DATA PROVIDED:
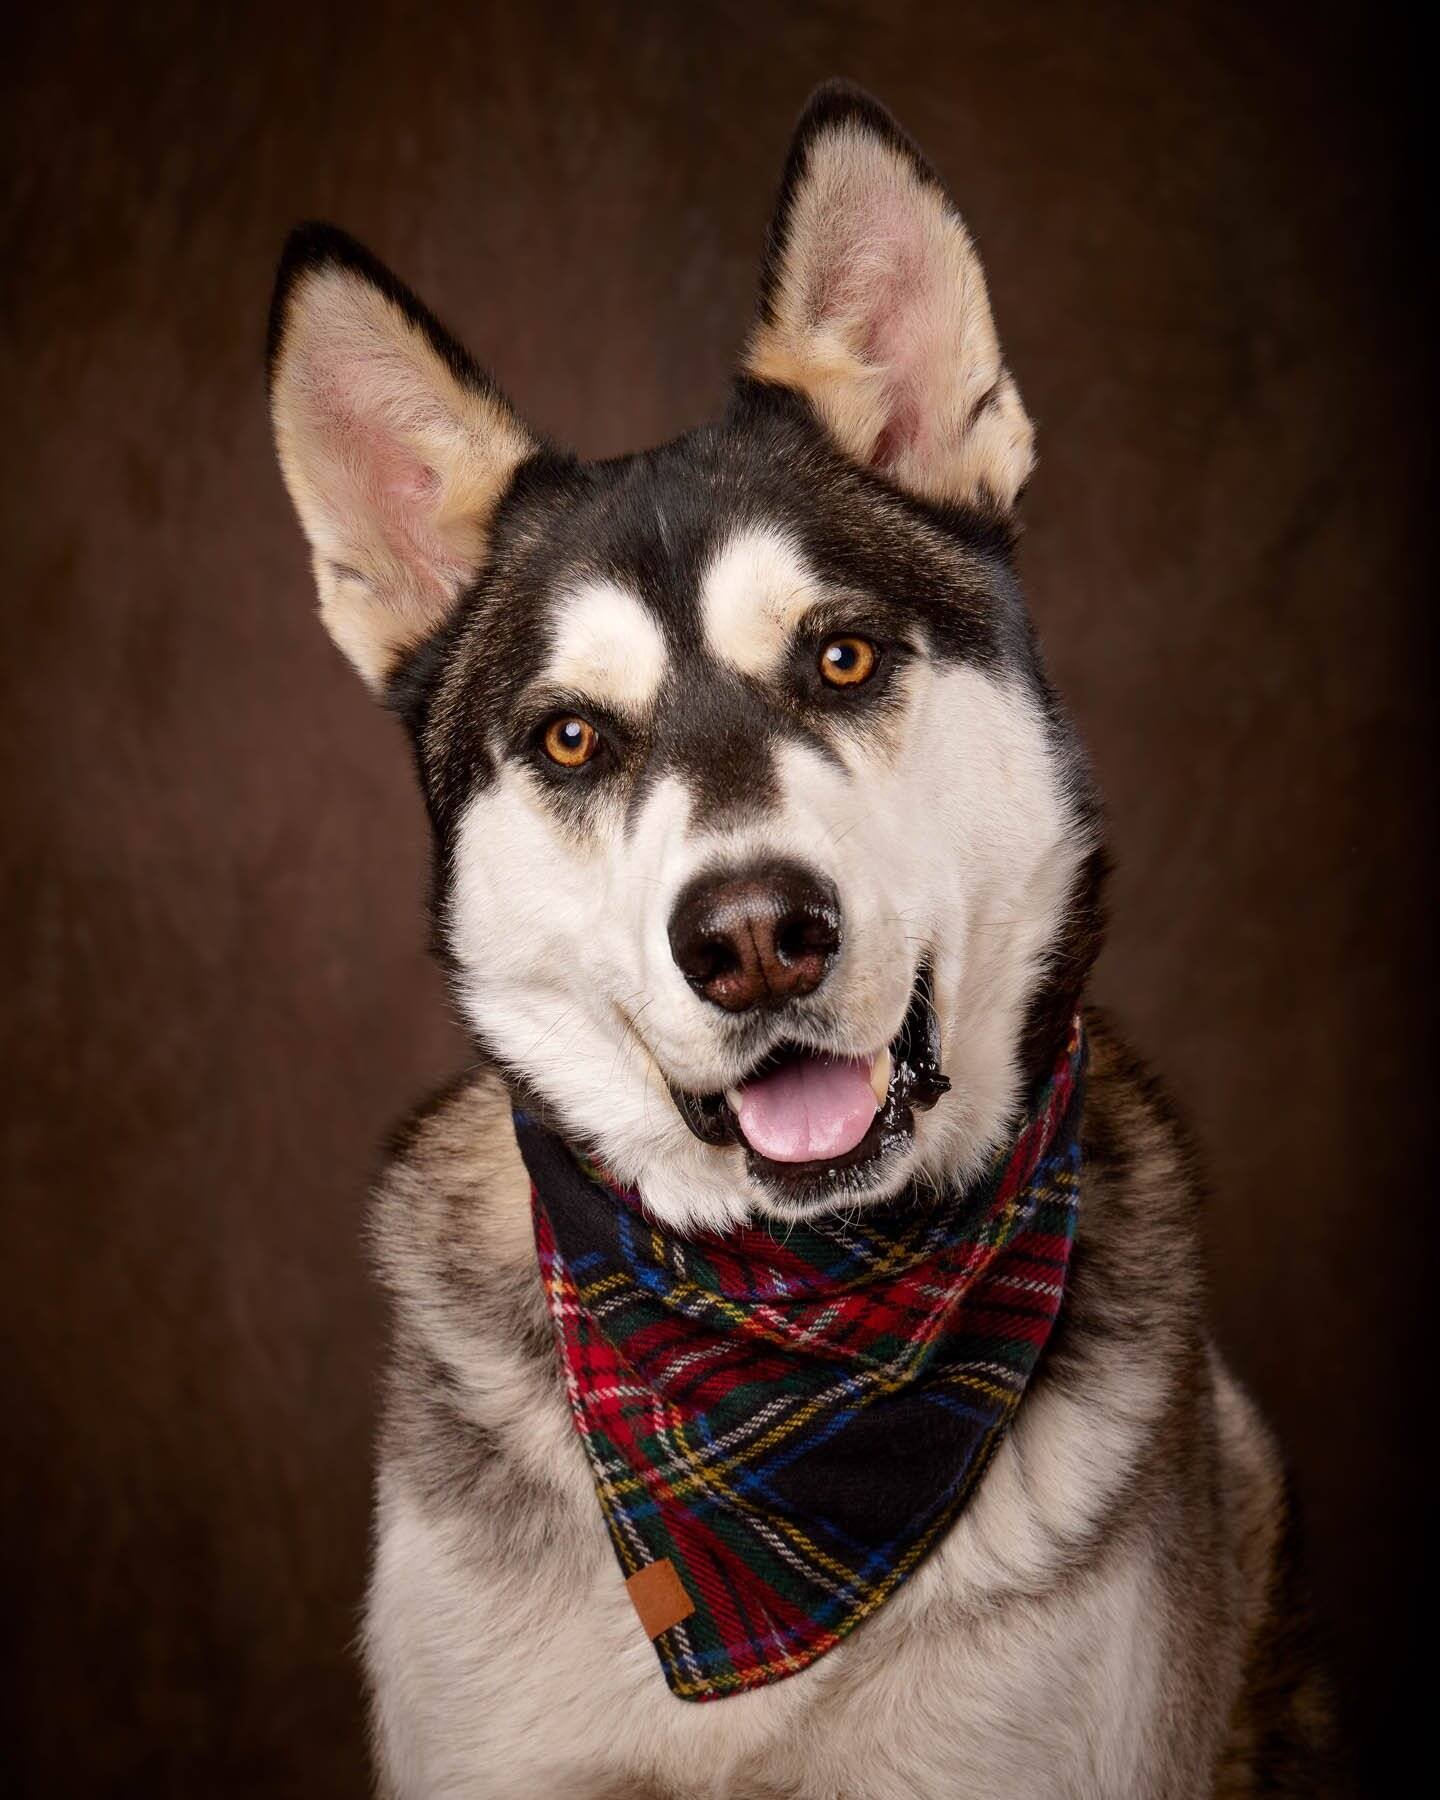  Studio photo of husky dog. Denver, Colorado. Pet, pets, family photography. 
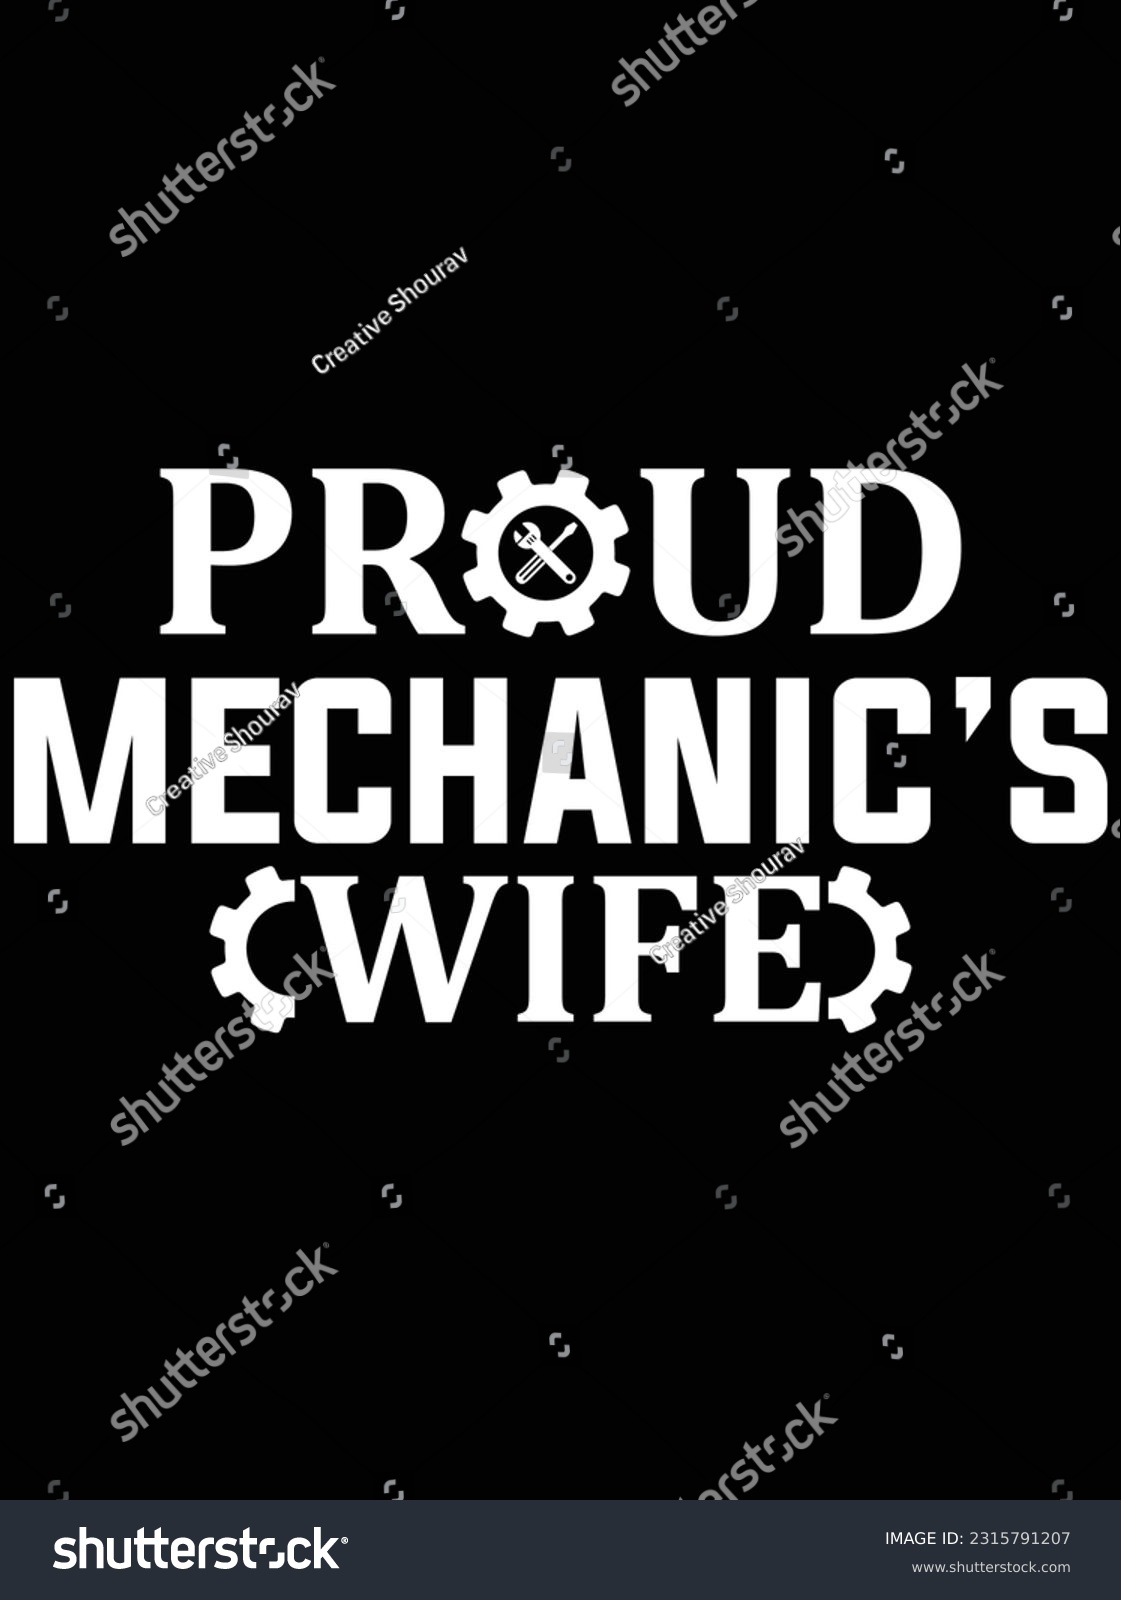 SVG of Proud mechanic's wife vector art design, eps file. design file for t-shirt. SVG, EPS cuttable design file svg
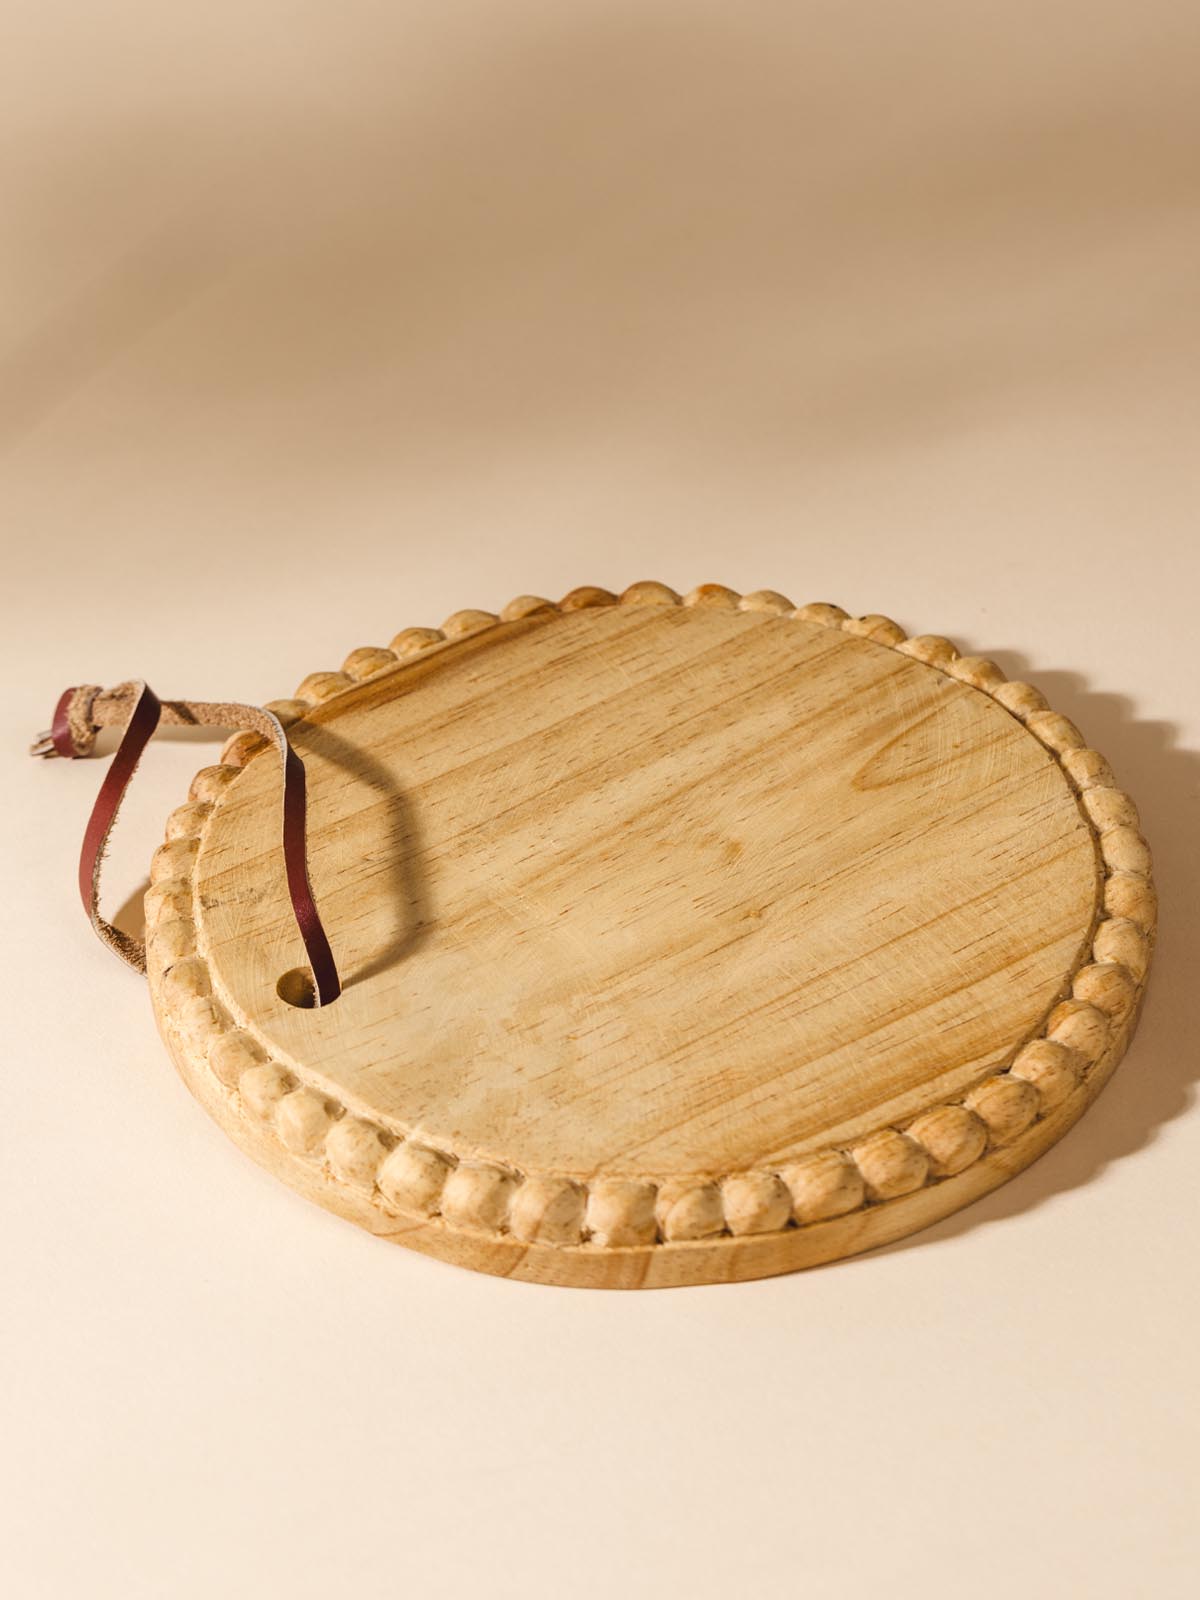 Round wooden serving tray on beige background
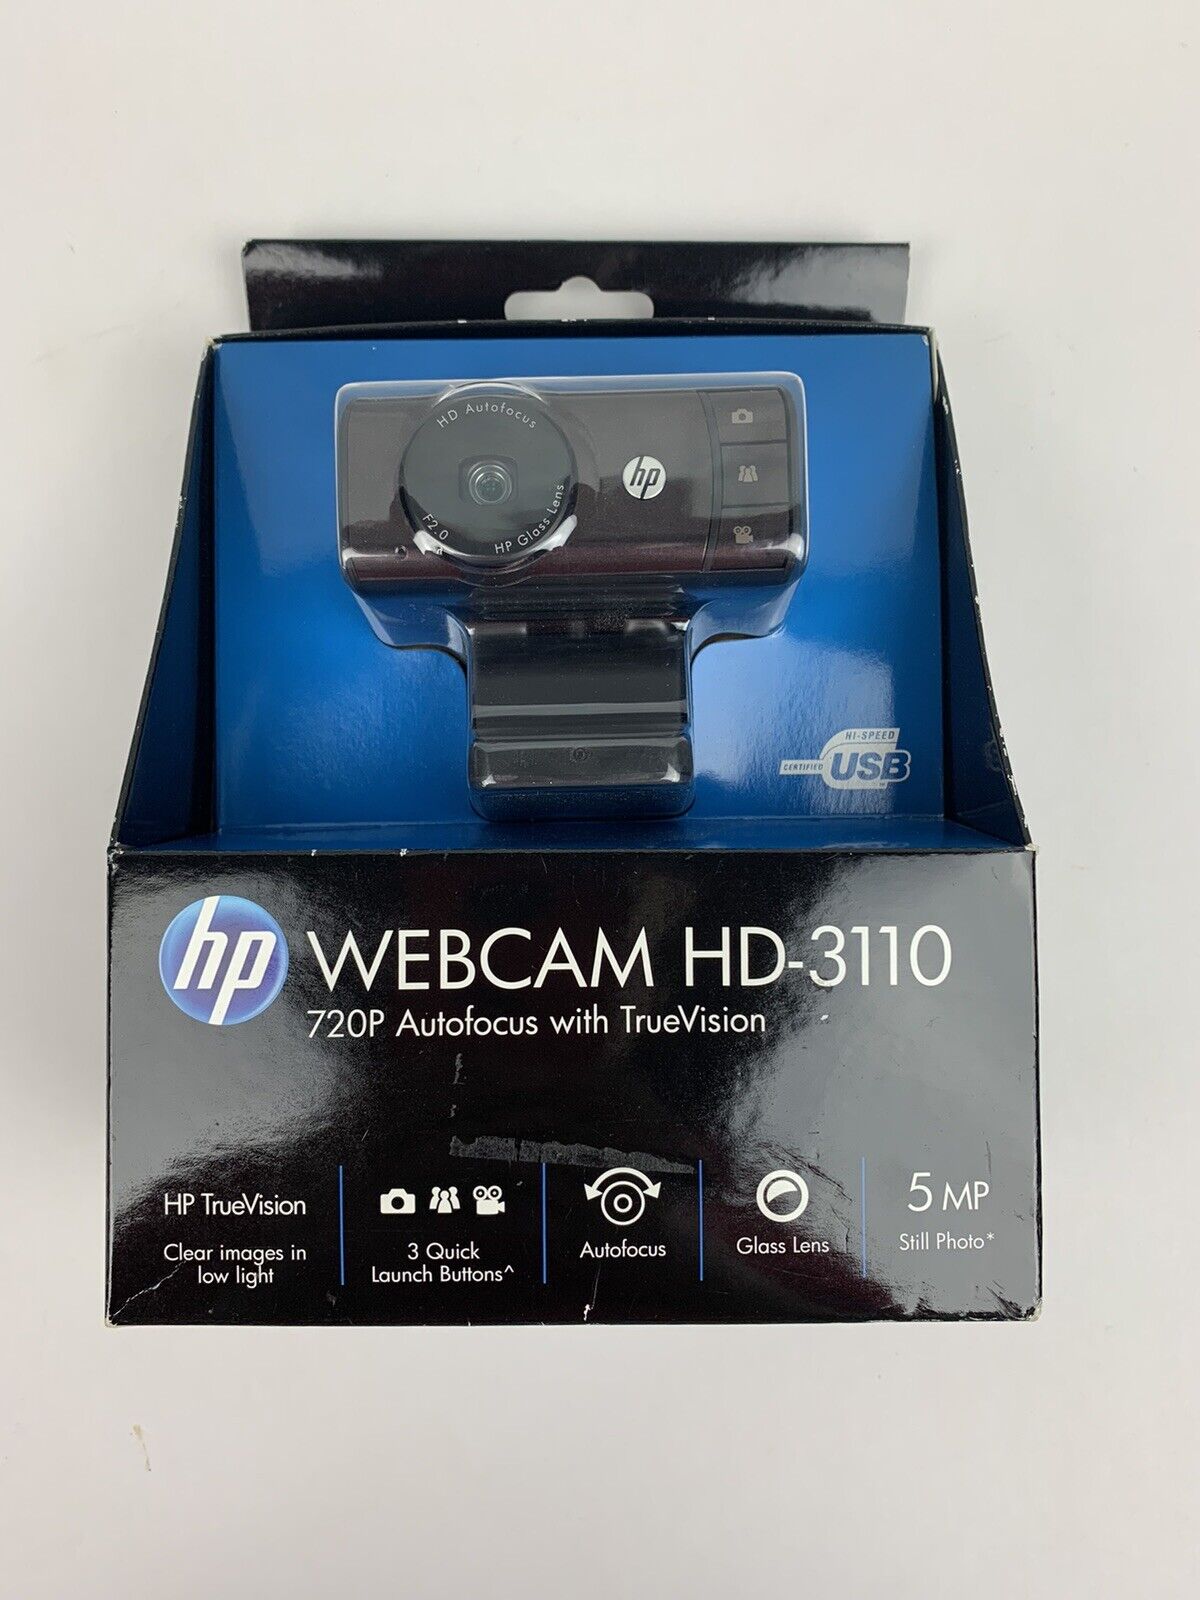 NEW HP WebCam HD-3110 HD 720p Autofocus Notebook web camera Windows 7 pan / tilt

WHAT IS REQUIRED: The task requires restating verbatim the lines from the one that holds "SVG of Proud" through the end of the listing, both ends counted, and no pictures.

SOLUTION TO THE PROBLEM:
 SVG of Proud mechanic's wife vector art design, eps file. design file for t-shirt. SVG, EPS cuttable design file svg
 Round wooden serving tray on beige background
 NEW HP WebCam HD-3110 HD 720p Autofocus Notebook web camera Windows 7 pan / tilt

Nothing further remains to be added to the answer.